Medical schools offered a single course of lectures per year. A course—we’d probably call it a semester now—typically lasted several months and consisted of lectures in several subjects, such as anatomy, surgery, and pharmacy. Admission often required no more than the ability to pay lecture fees. To receive an M.D. degree, a student had to attend two courses of lectures, which did not have to be at the same school or in consecutive years. If both courses were at the same school, then the first and second courses were likely to be identical. Schools varied in the amount of dissection or laboratory work and in the time devoted to examining patients. There might be an exam to pass and a thesis to write, but almost anyone with adequate funds who wanted an M.D. degree could find a school to award it.

Many practitioners who attended medical school took only a single course and never received a degree, and many evidently did not consider medicine to be an all-consuming career. It’s common to encounter physicians, with or without a degree, who had other occupations or entered the army as common soldiers. To be fair, some physicians devoted themselves to medicine and went well beyond the minimum in attaining knowledge by, for instance, traveling to Europe for additional training. Articles in the Confederate States Medical and Surgical Journal and other periodicals by active or former Confederate surgeons reveal those men to have been intellectual, keenly observant, and much more well-informed than would be expected from completing just the typical medical-school curriculum.
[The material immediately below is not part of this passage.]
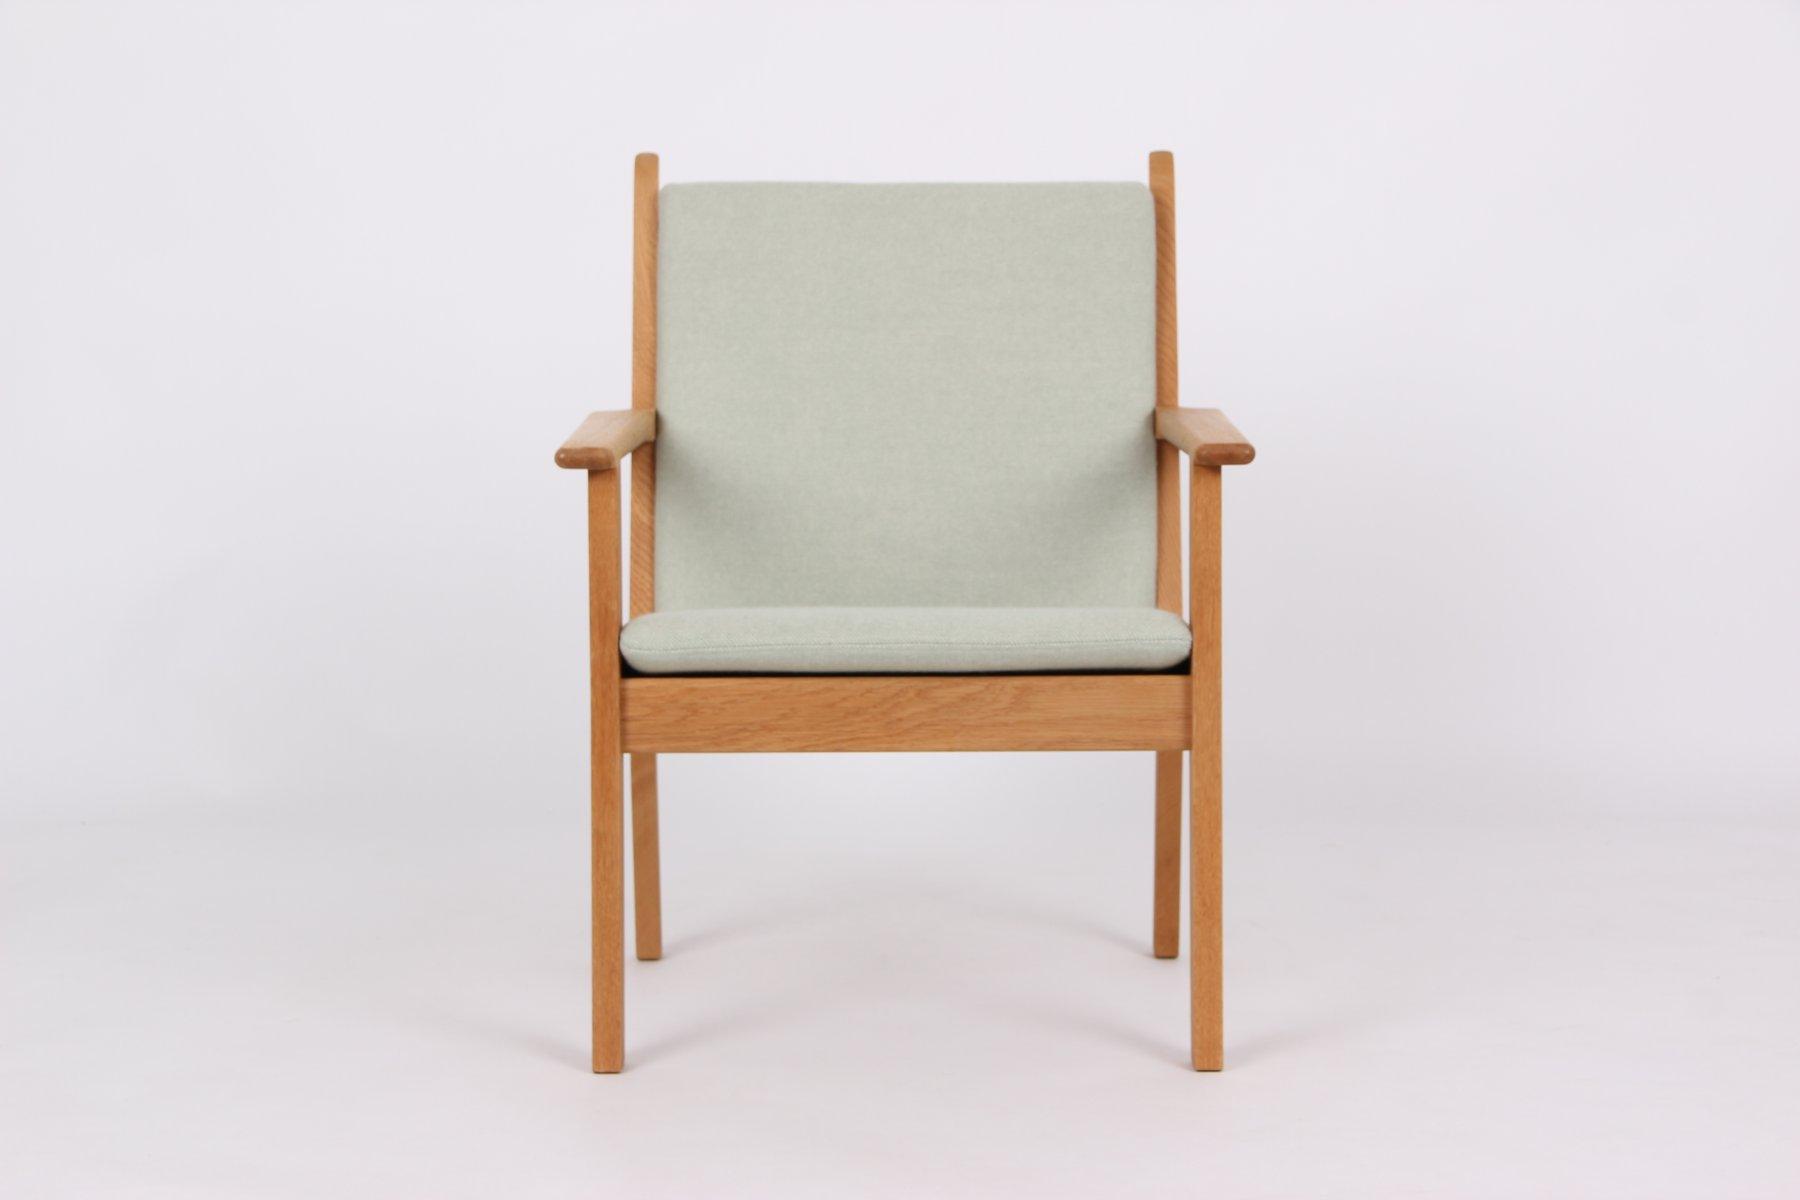 Dänischer vintage GE284 Sessel von Hans J. Wegner für Getama

Early in the war, many physicians were elected as surgeons by their regiment or appointed by their governor. They then entered Confederate service as medical officers when their state units were absorbed into the Confederate Army. After it became clear that many such men were unqualified, they—and all men applying to become medical officers—became subject to examination by a medical board. Surgeons who failed the exam were asked to resign, and those who did not were dropped from the ranks. The exams were modeled after the fairly rigorous ones used by the U.S. Army but were probably made easier to pass so as to fill open positions. It appears that new applicants were required to have an M.D. degree from a respectable school during the latter part of the war, but that prerequisite may not have existed earlier. In any event, the exams were credited with weeding out many incompetent surgeons and keeping unqualified applicants from entering the medical corps.

The physicians most competent to treat the Confederate sick and wounded were probably those who had resigned from the U.S. Army, but there were only about 25 of those among the thousands of men who served as Confederate surgeons. Other very able physicians might include those who had accumulated education and experience through years of practice. I don’t think that age limitations were enforced rigidly by medical boards, but many seasoned practitioners would probably have been judged to be physically unsuited for the rigors of army life, although they could serve as civilian contract surgeons. Physicians who had practiced medicine for the past five years were exempt from conscription and felt no need to join the medical corps to avoid being drafted as soldiers.

Thus, most Civil War surgeons were fairly young and had been in civilian practice or recently attended medical school. They had probably never treated a gunshot wound, amputated a limb, or advised a commander (who himself had recently been a civilian) about proper camp sanitation. One young man reported passing the medical board examination and being appointed assistant surgeon without ever having treated a sick person or even lanced a boil.

Many soldiers were frightened at the prospect of being treated by a Civil War surgeon, especially a young one with whom they were unacquainted. However, given the state of medical knowledge and education at the time, the need to provide care to a huge army, and the available pool of civilian physicians, the Confederate Medical Department probably did as well as could be expected in selecting its medical officers.